*** Block opens ***

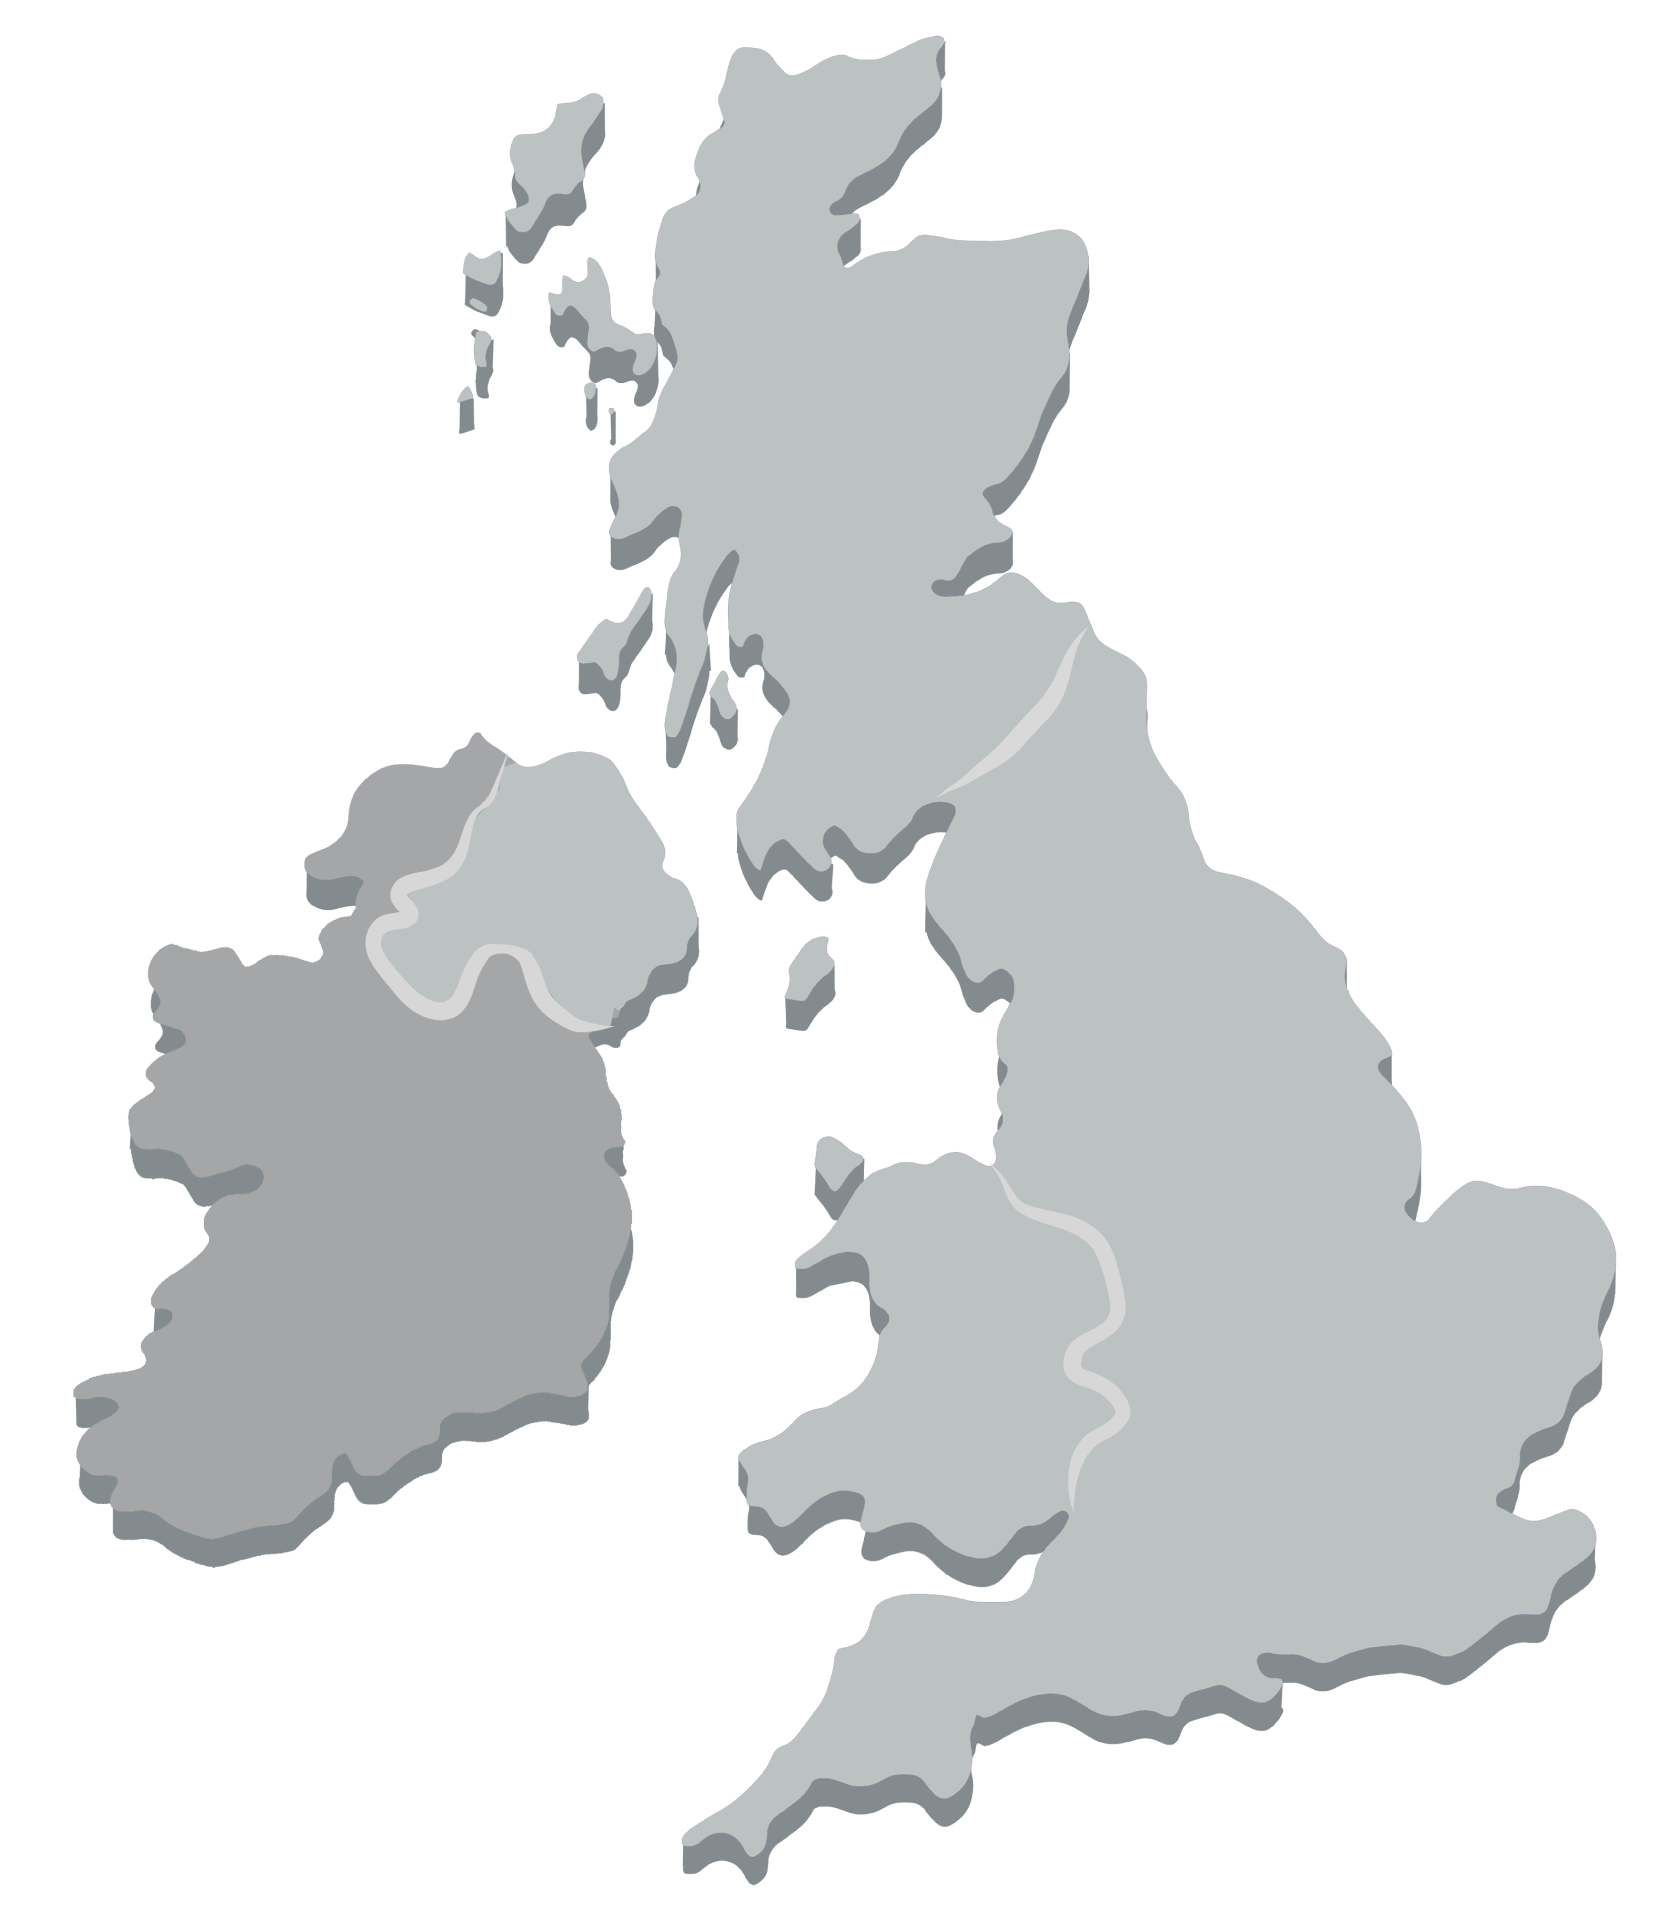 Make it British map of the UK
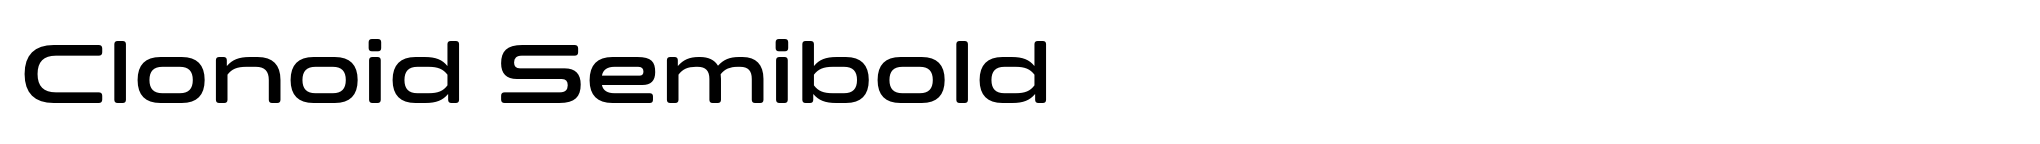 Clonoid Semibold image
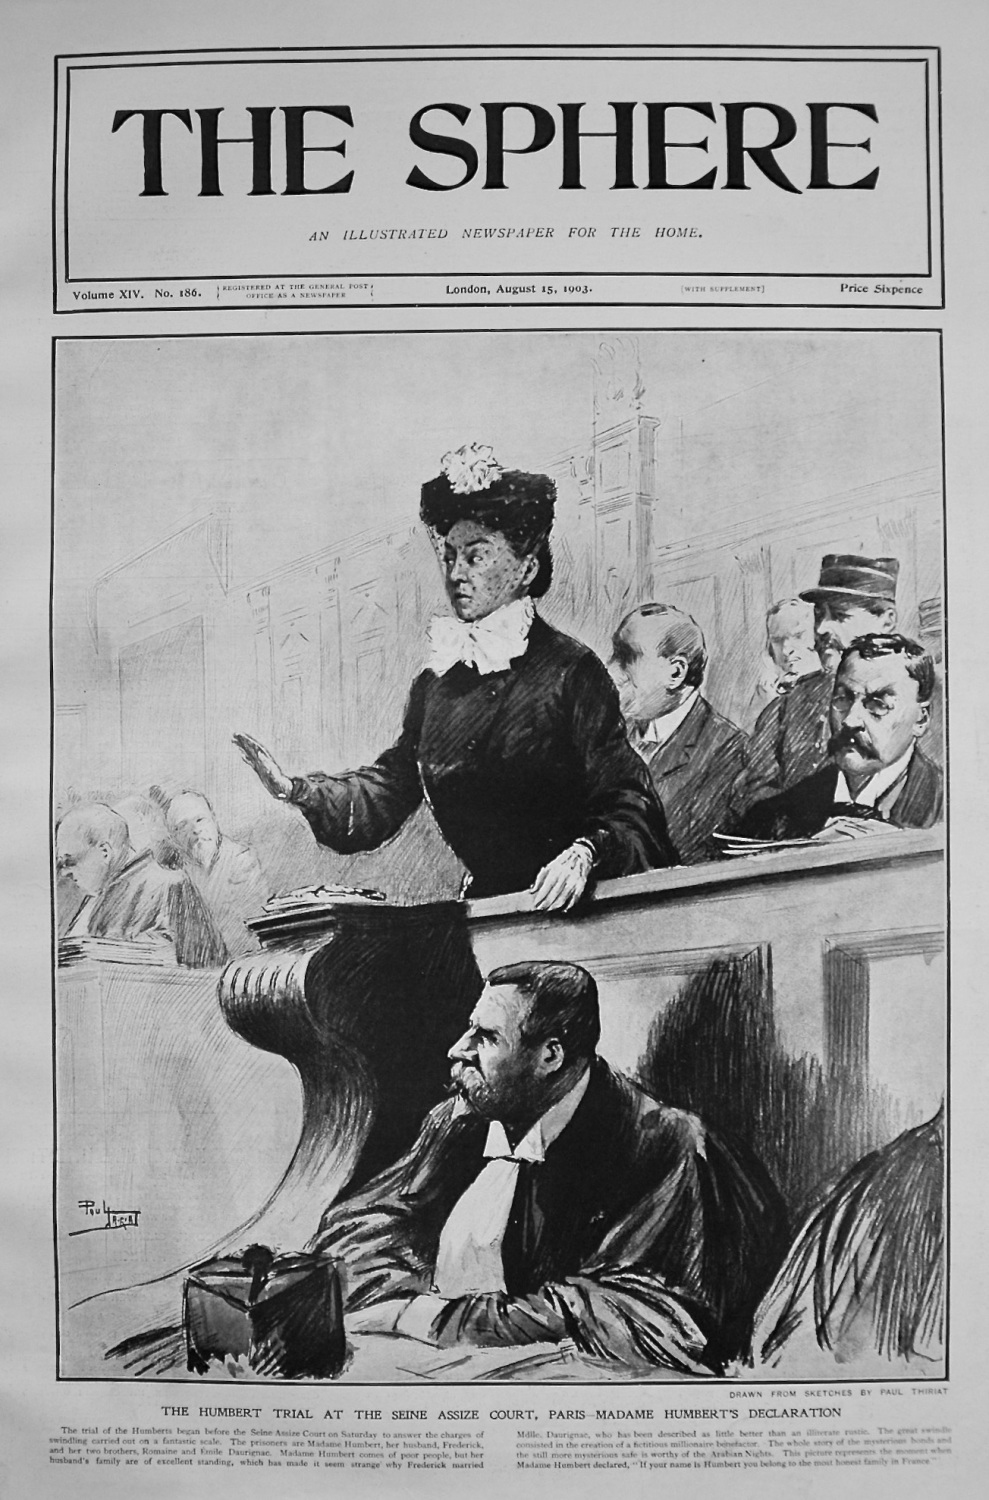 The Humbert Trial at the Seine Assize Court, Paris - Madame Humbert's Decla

*** Block closes ***

When you find the line that contains "Clonoid Semibold image", retype it and every line after it through the end of the data above, exactly, with no pictures.

 Clonoid Semibold image
 The Humbert Trial at the Seine Assize Court, Paris - Madame Humbert's Decla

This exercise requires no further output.